▸ WHAT TO WORK ON
The line containing "Contact Us Half", plus every line that follows it to the end of the listing below, is what you transcribe exactly; omit all pictures.

▸ GIVEN INFORMATION
···

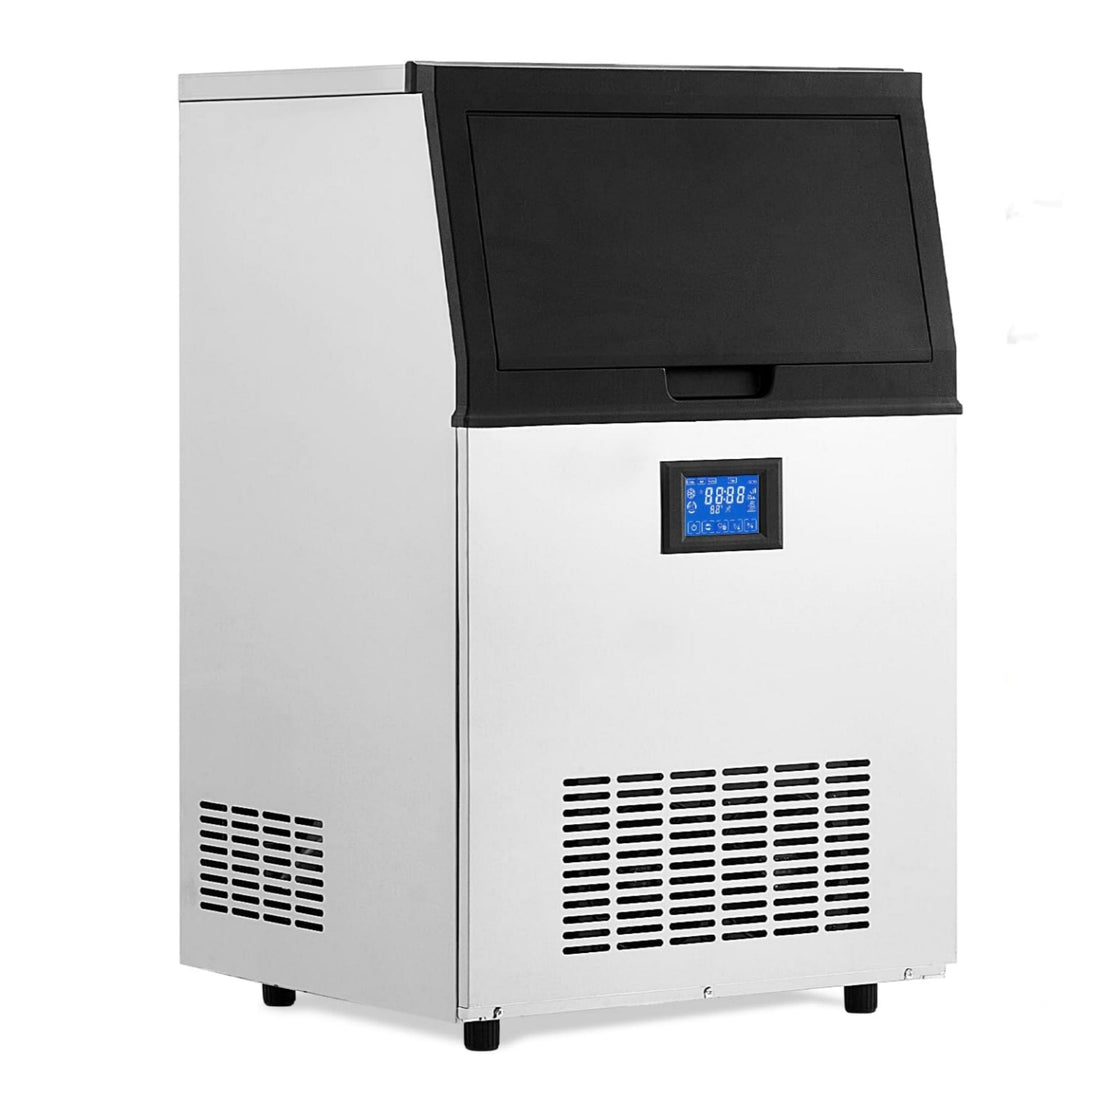 GARVEE 90Lbs/24H, Ice Maker, 30Lbs Storage, Self-Cleaning, Stainless, Freestanding/Under Counter, Perfect for Restaurant/Bar/Cafe/Shop/Home/Office
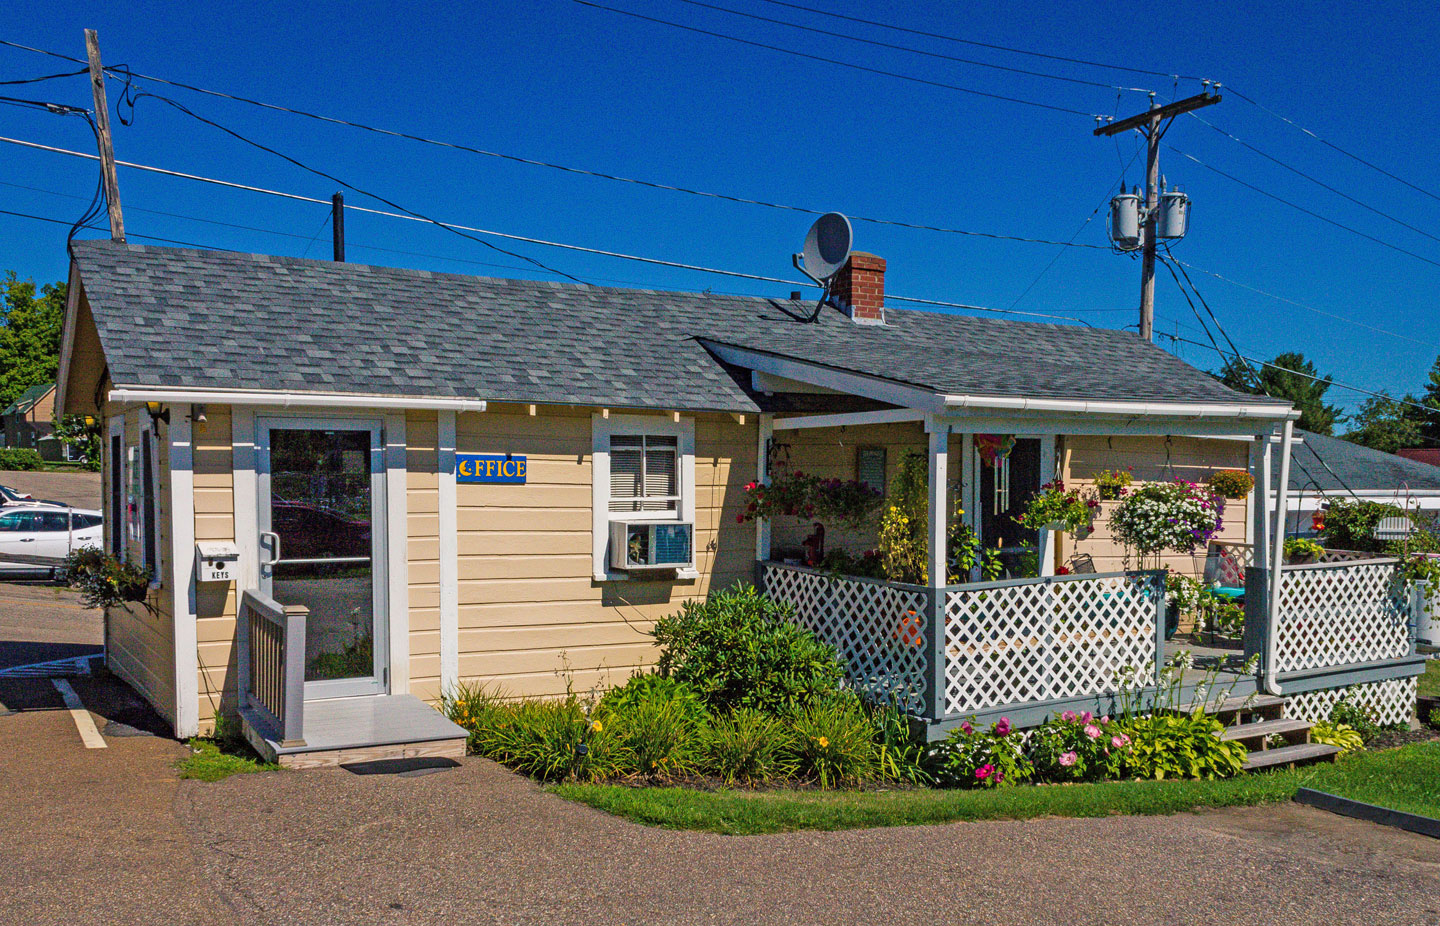 Contact Us Half Moon Motel Cottages Weirs Beach Laconia
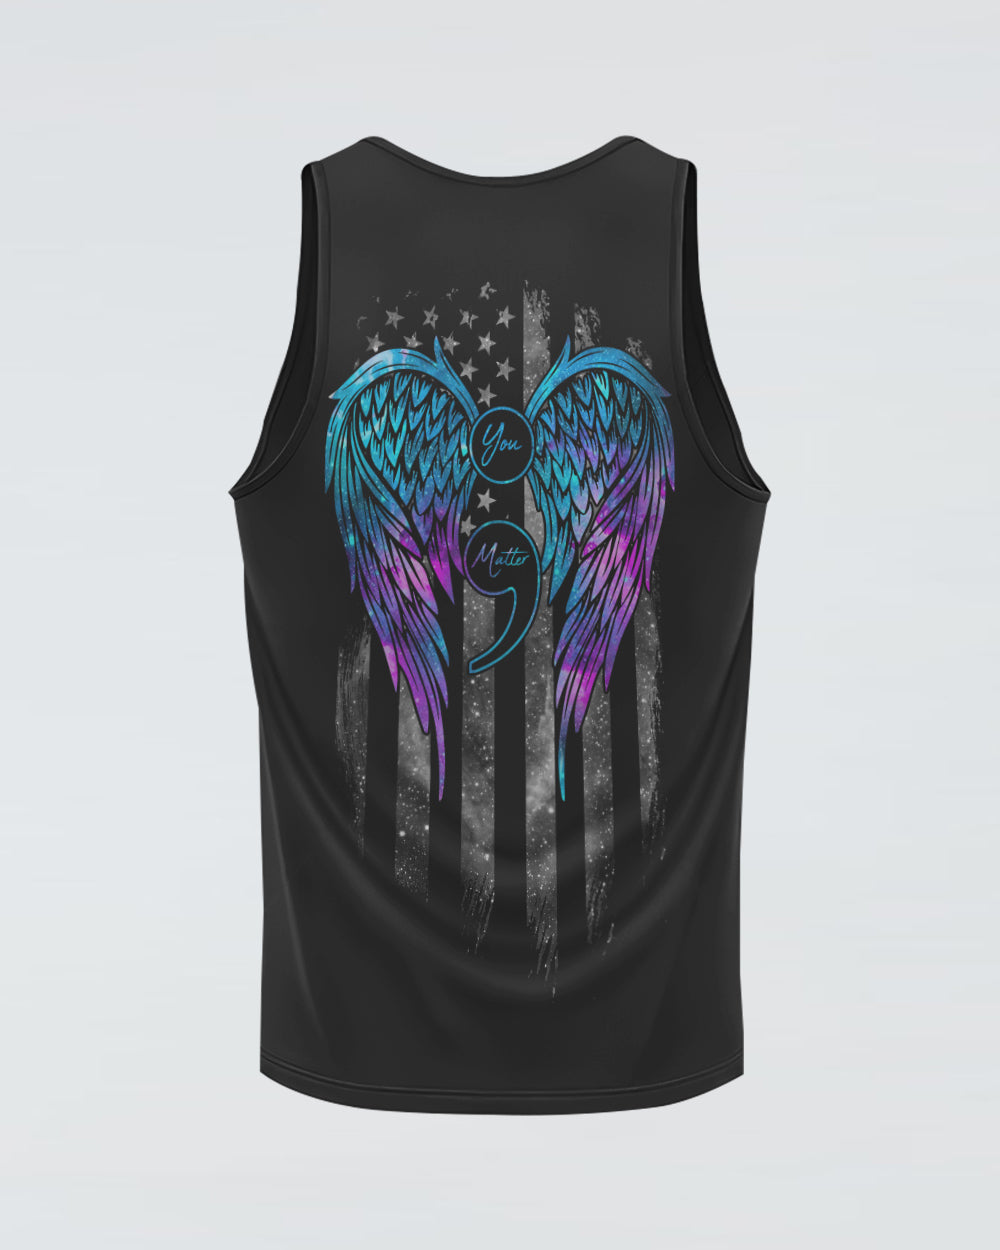 Stay Your Story Is Not Over Flag Wings Women's Suicide Awareness Tanks
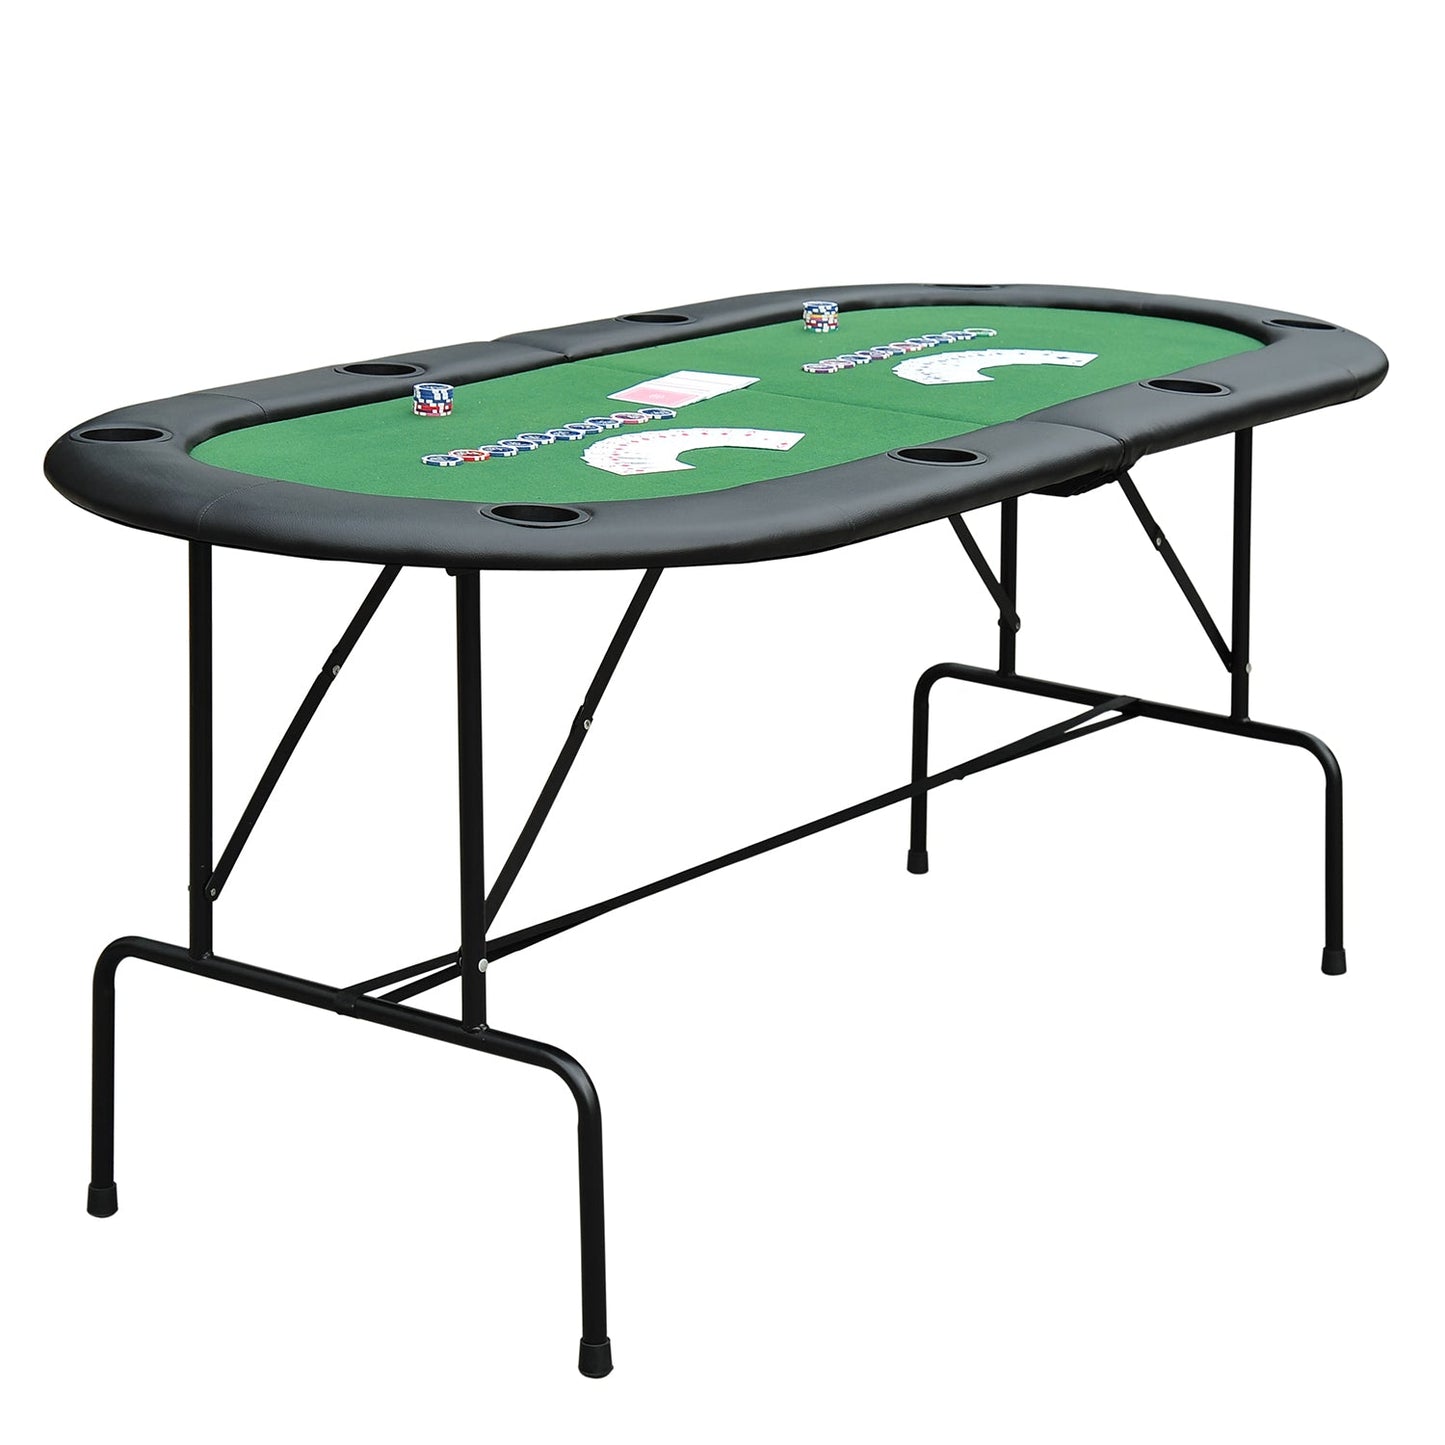 1.83m Foldable Poker Table With Chip Trays, Drink Holders

···

▸ RESPONSE BOX
 Contact Us Half Moon Motel Cottages Weirs Beach Laconia
 Stay Your Story Is Not Over Flag Wings Women's Suicide Awareness Tanks
 1.83m Foldable Poker Table With Chip Trays, Drink Holders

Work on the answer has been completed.